À qui s'adresse Build or Skip — et ses limites assumées
Le paysage concurrentiel est assez clair. Ahrefs et Semrush restent les plateformes les plus approfondies en matière de backlinks et de DR, mais elles sont conçues pour l'analyse SEO plutôt que pour la chasse aux opportunités produit. Exploding Topics et Product Hunt font ressortir la dynamique par catégorie, mais aucun des deux ne place les preuves liées aux canaux de paiement et le comportement de pourboire sur Buy Me a Coffee à côté de l'âge du domaine dans un même tableau classé. Le créneau de Build or Skip, c'est précisément ce chevauchement : une couche de validation pour ceux qui décident ce qu'ils vont lancer ensuite.

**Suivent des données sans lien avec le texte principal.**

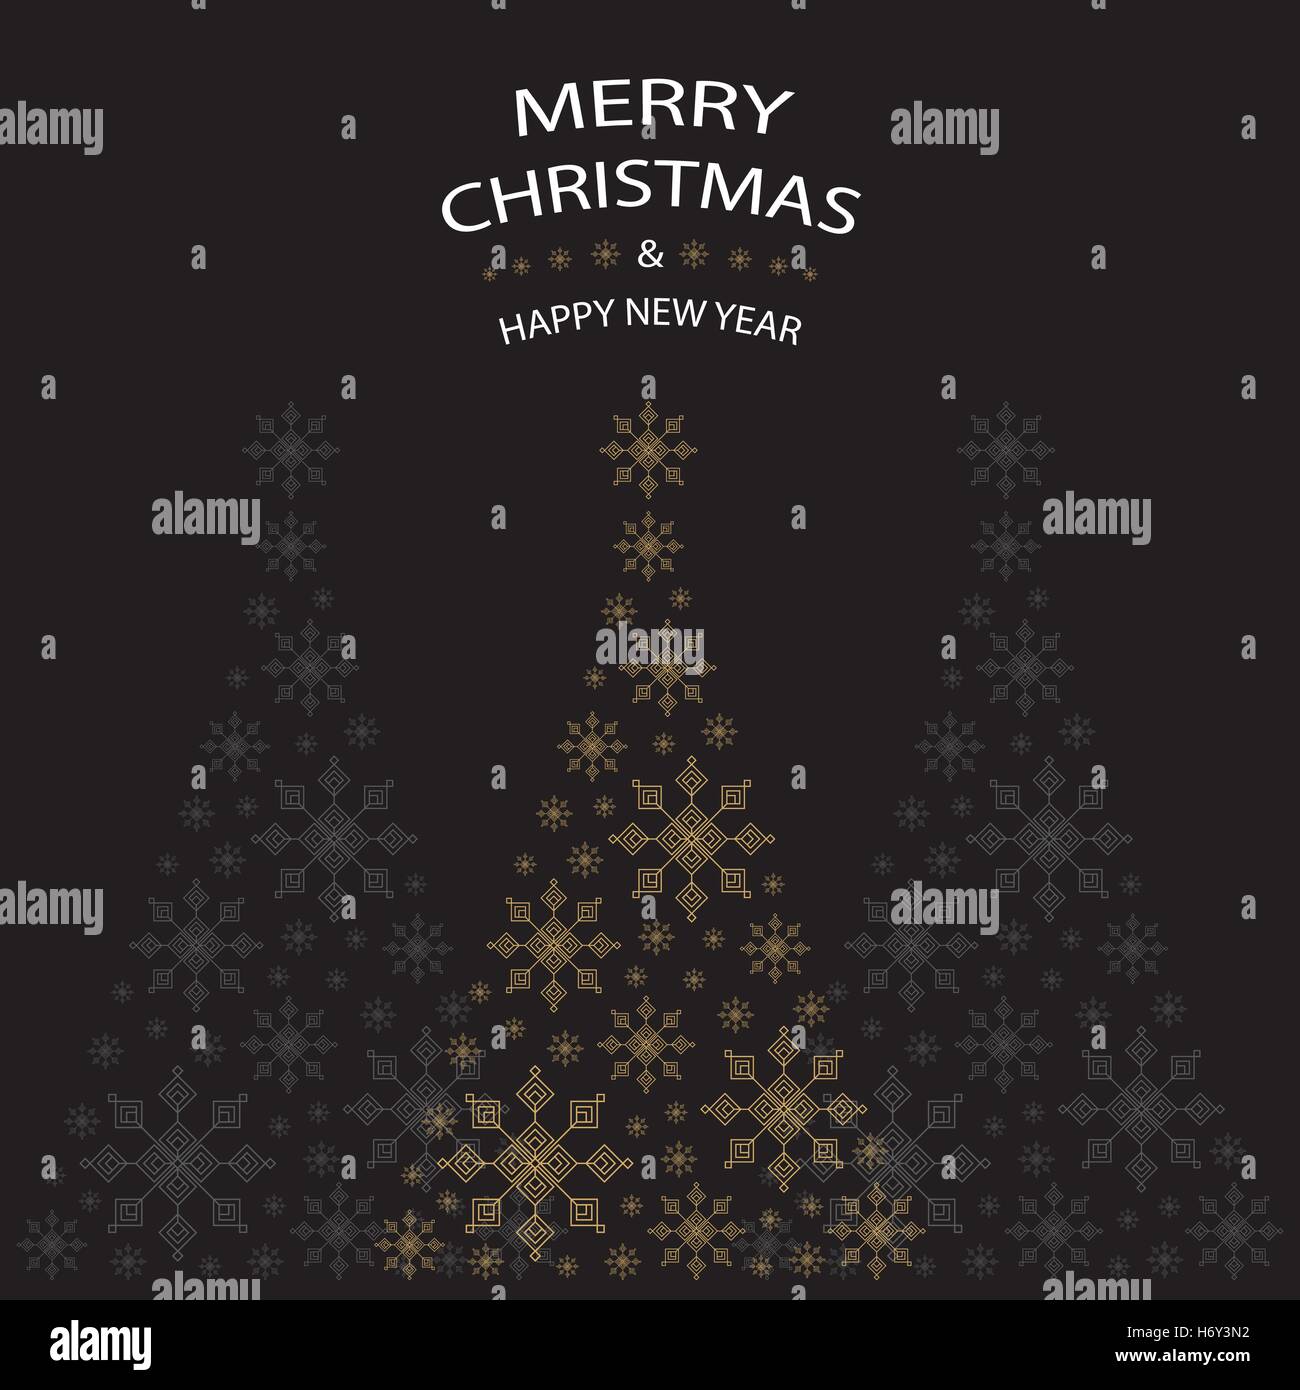 Weihnachtsbaum Geformt Aus Gold Schneeflocken Auf Schwarzen Hintergrund Mit Weisser Schrift Grafik Frohe Weihnachten Und Happy New Year Stock Vektorgrafik Alamy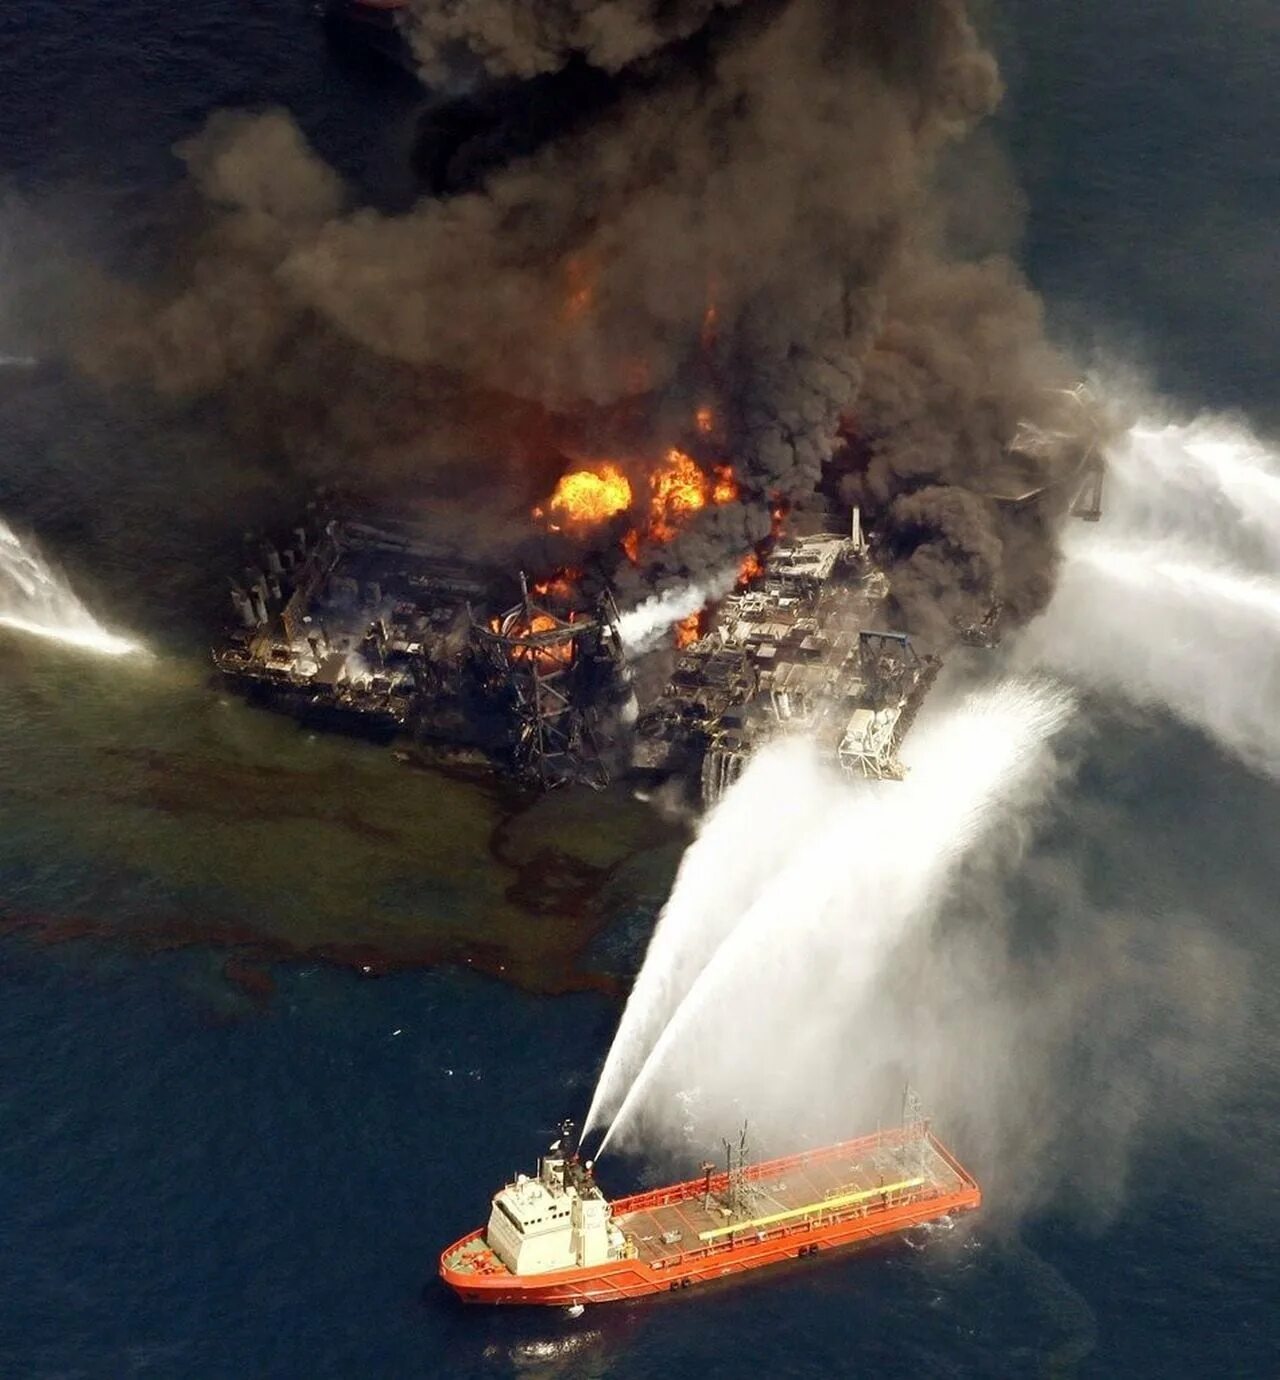 30 апреля 2010. Взрыв нефтяной платформы Deepwater Horizon - 20 апреля 2010 года. Взрыв нефтяной платформы Deepwater Horizon в мексиканском заливе 2010. Катастрофа в мексиканском заливе в 2010 году. Взрыв на нефтяной платформе в мексиканском заливе 2010.

Idéal pour les indie hackers, les créateurs de micro-SaaS, les exploitants d'annuaires et de classements, les investisseurs en noms de domaine et les spécialistes SEO qui veulent une liste mensuelle de domaines récemment enregistrés affichant déjà une activité de paiement. Passez votre chemin si vous avez besoin de revenus vérifiés, de comptes audités ou d'une estimation de marché de niveau entreprise — la plateforme elle-même prévient que les signaux sont des éléments de recherche, et non des commandes confirmées. Les points de friction, mineurs mais bien réels, sont la valeur de DR parfois étrange, les filtres verrouillés de l'offre gratuite et le fait qu'un abonnement mensuel de 19 $ ne vaut le coup que si vous exploitez réellement les données.
L'aperçu gratuit constitue le vrai test. Si vous vous surprenez à ouvrir trois ou quatre domaines candidats et à fouiller leurs catégories et leurs canaux de paiement, l'offre Pro devient vite rentable. Si vous attendez qu'on vous tende une idée toute faite, Build or Skip ne vous tendra que des preuves.